IFC scales back ‘Crisis Facility’

Bernard Sheahan, the head of the IFC’s infrastructure department, said ‘things haven’t fallen off a cliff’, and as a result, $10bn will not be necessary for the facility. Instead, he envisions a total utilisation of between $1bn to $2bn of the fund, which is intended to help developing markets keep their infrastructure projects going despite the financial crisis.

A year after it unveiled a $10 billion funding source to help developing markets keep their infrastructure projects survive the financial crisis, the International Finance Corporation has scaled back its ambitions for the fund, citing the recovery of the financial markets as a key driver behind the decision.

“The headline numbers we were trying to put together aren’t going to be necessary,” Bernard Sheahan, the head of the International Finance Corporation’s (IFC) Infrastructure Department, said in an interview.

Bernard Sheahan

The facility was designed in the wake of the collapse of investment bank Lehman Brothers in September 2008. The IFC and its member states noticed that projects were stalling or being abandoned because of the lack of financing, so they decided to step up and create a funding source to keep those projects going.

Today, though, things are much different. “If you look at the number of cancellations and delays of projects that were beginning to get very alarming 12 to 18 months ago, those numbers have come down quite a bit,” Sheahan said.

“Things haven’t fallen off a cliff,” he added.

Things haven't fallen off a cliff

Bernard Sheahan

As a result, he predicts far less of the facility will actually need to be used than its original $10 billion target. “I think you’ll probably wind up with one to two billion of total utilization [of the facility],“ he said.

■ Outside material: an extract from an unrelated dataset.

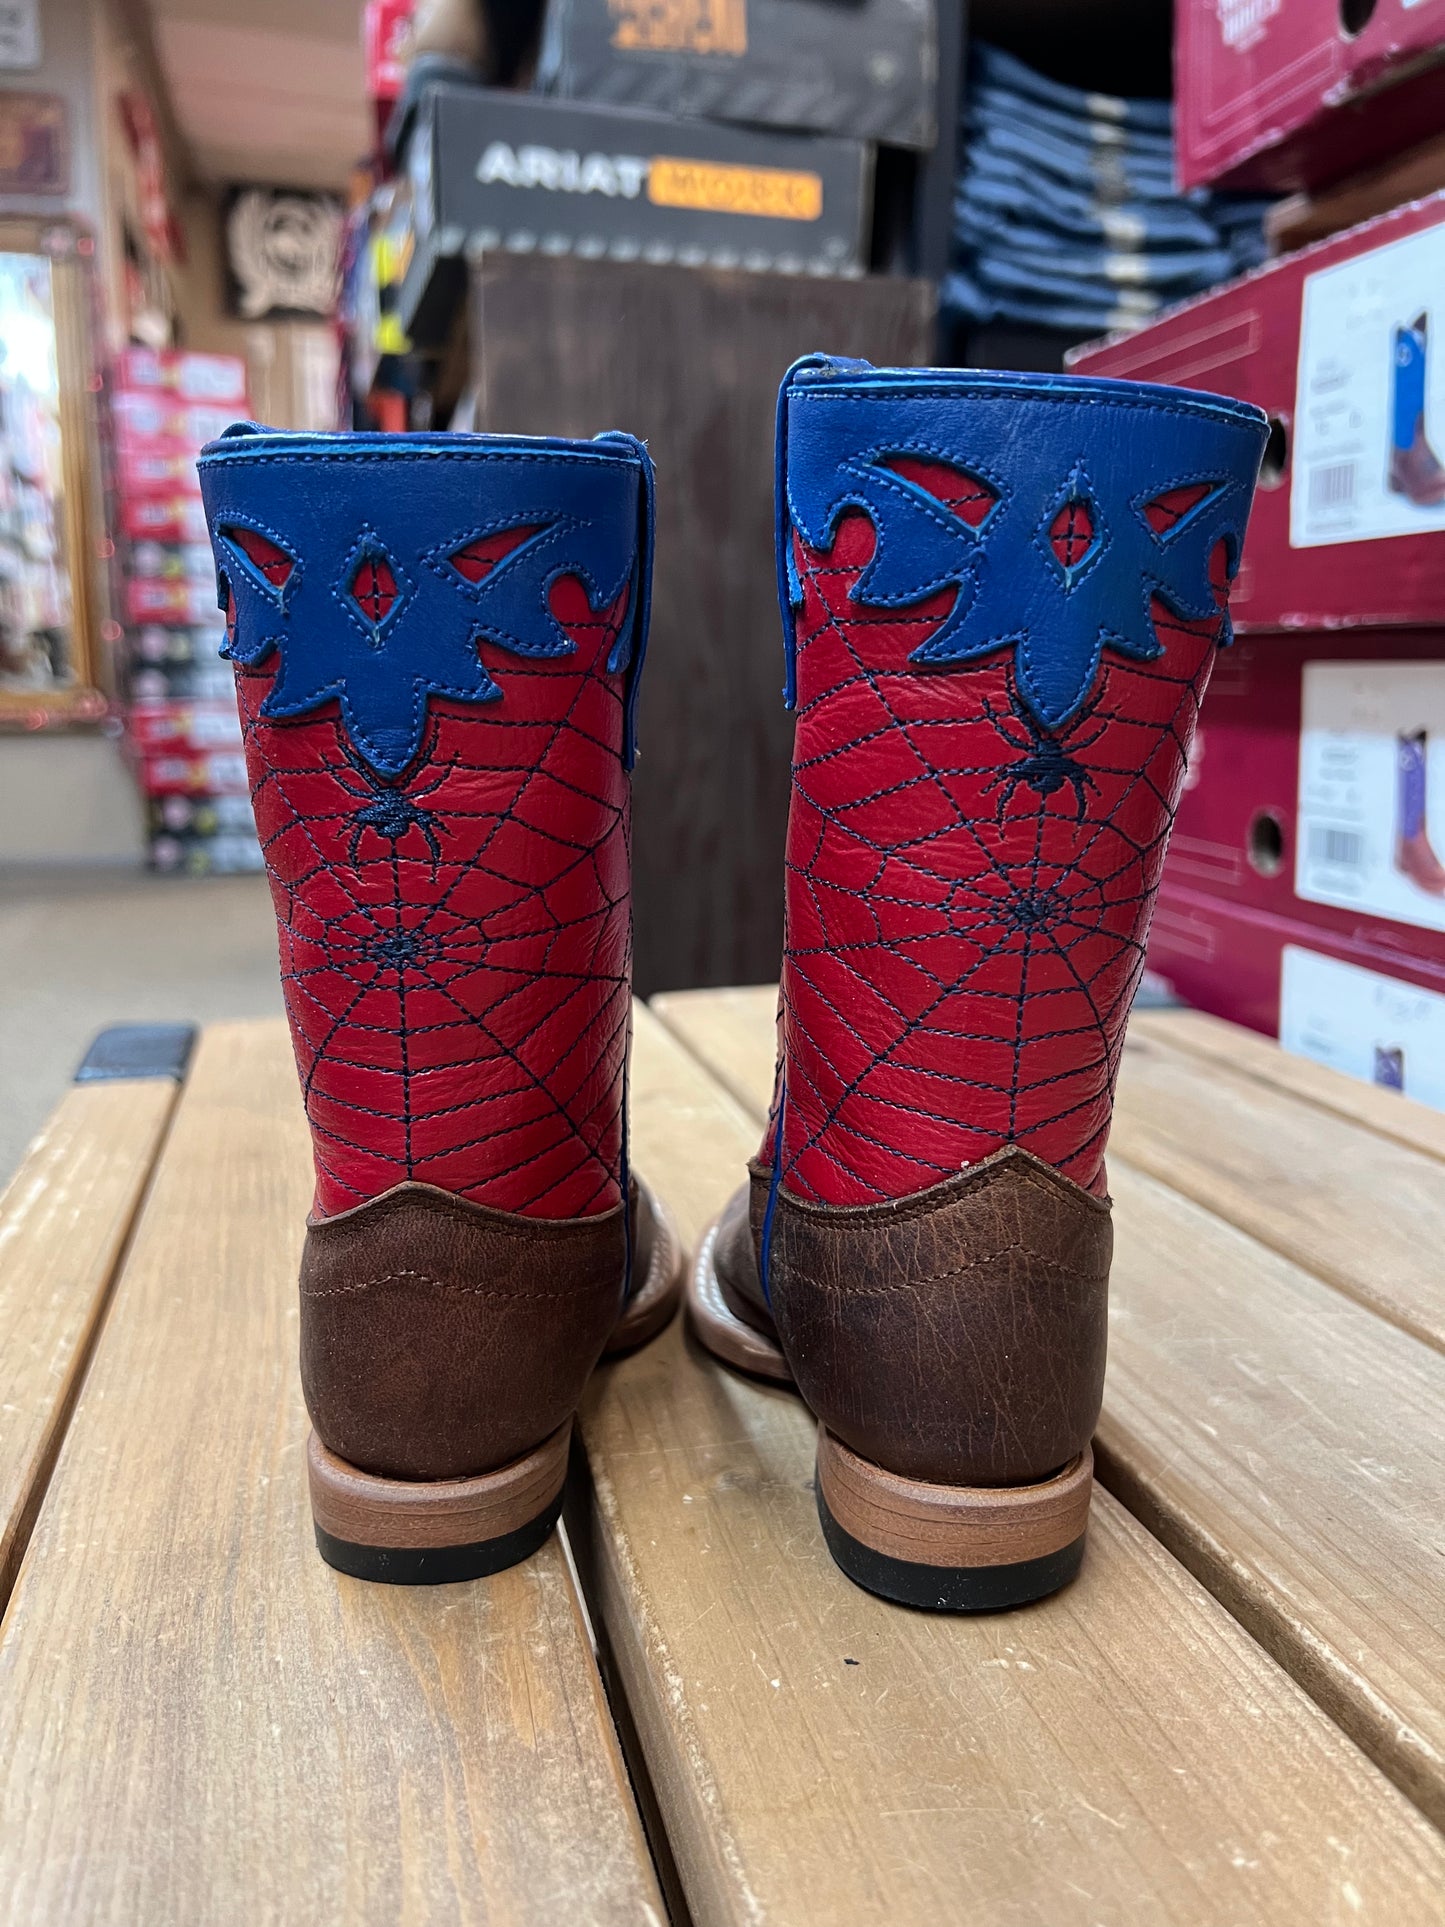 Olathe Kids Red Spider Tall Top Boots (Ok42)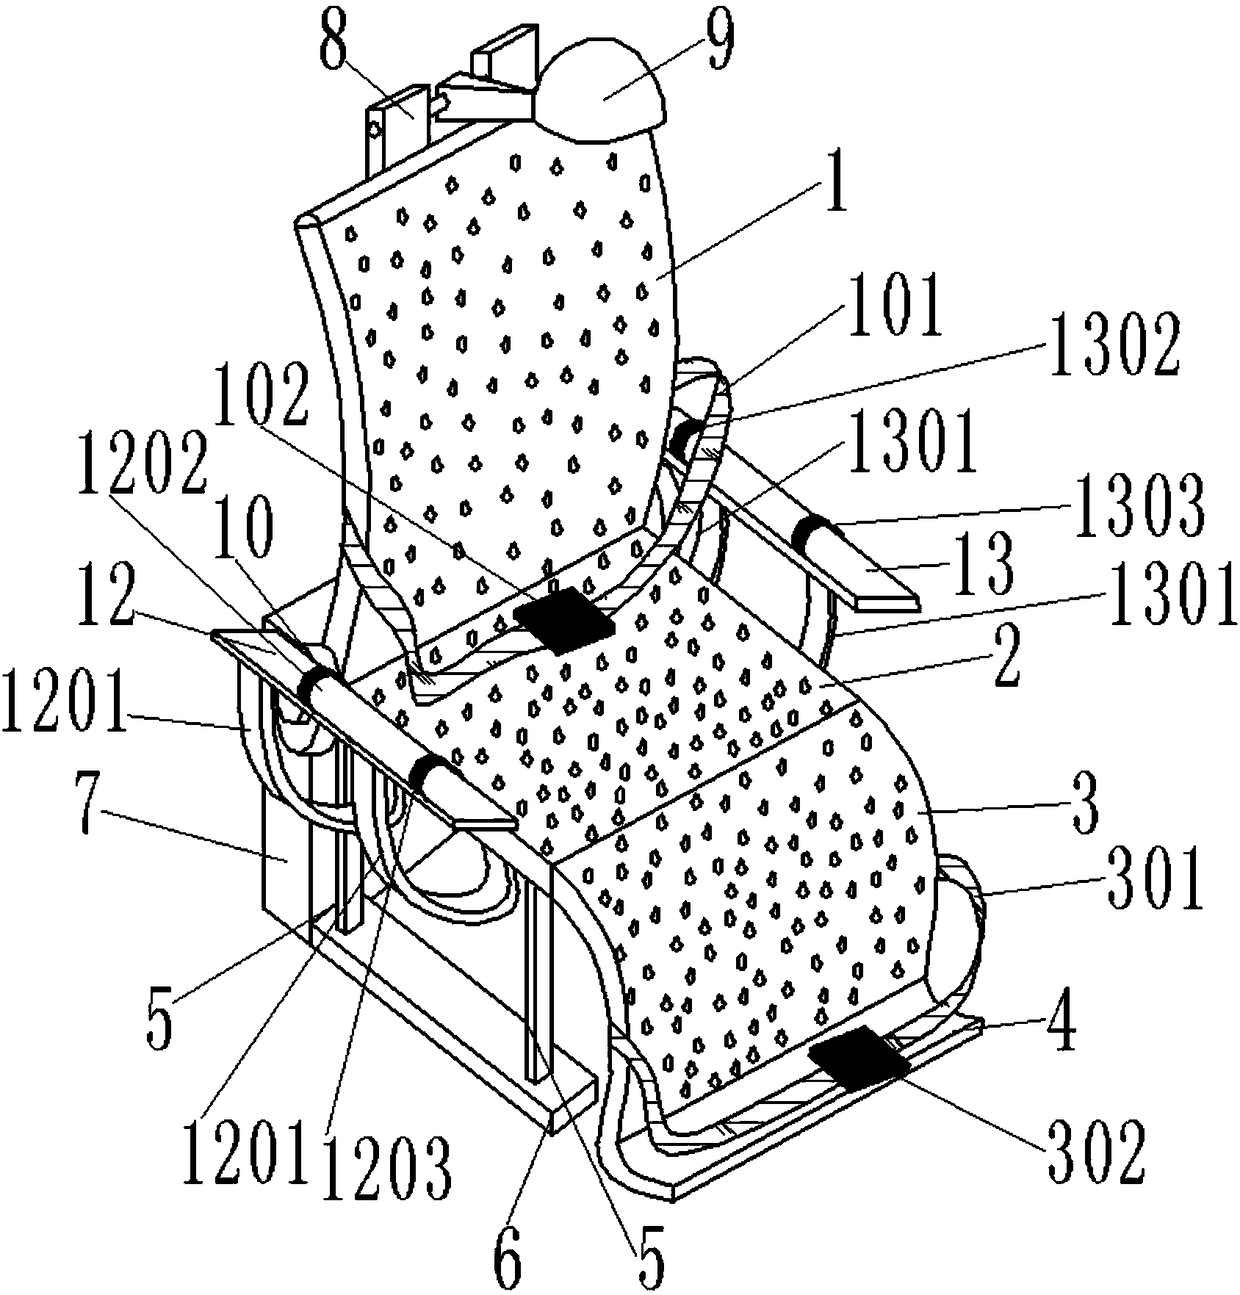 Psychopath binding chair for traditional Chinese medicine fumigation information collection

The facility was launched in April 2009 with $2 billion in commitments. Its debt portion became operational in December 2009 after it secured financial commitments from German-owned bank KfW and pledges from German development finance institution DEG, French development finance agency Proparco and the European Investment Bank. Cordiant Capital, a Canadian private equity and debt manager, was put in charge of managing the facility’s debt trust after a competitive selection process.

In total, over $4 billion has been raised for the facility, according to the IFC. All of that was for the debt portion.

From December 2009 through March 2010, the crisis facility made four commitments to projects totalling $100 million in four different countries. These included a container terminal in Vietnam, a gas distribution project in Peru, a power generation project in Ghana, and an airport in Colombia. Additionally, there is a $600 million pipeline of possible financings, which includes a telecom in Iraq and a hydro project in Uganda, according to a statement from the IFC.

The IFC cautioned that the “recovery is uneven” and “risk aversion remains significantly higher than before the crisis”, so the facility will continue to make commitments to projects to reduce disruptions to private investment in infrastructure brought on by the crisis.

“The markets are moving into recovery, which is the main thing that we wanted,” Sheahan said.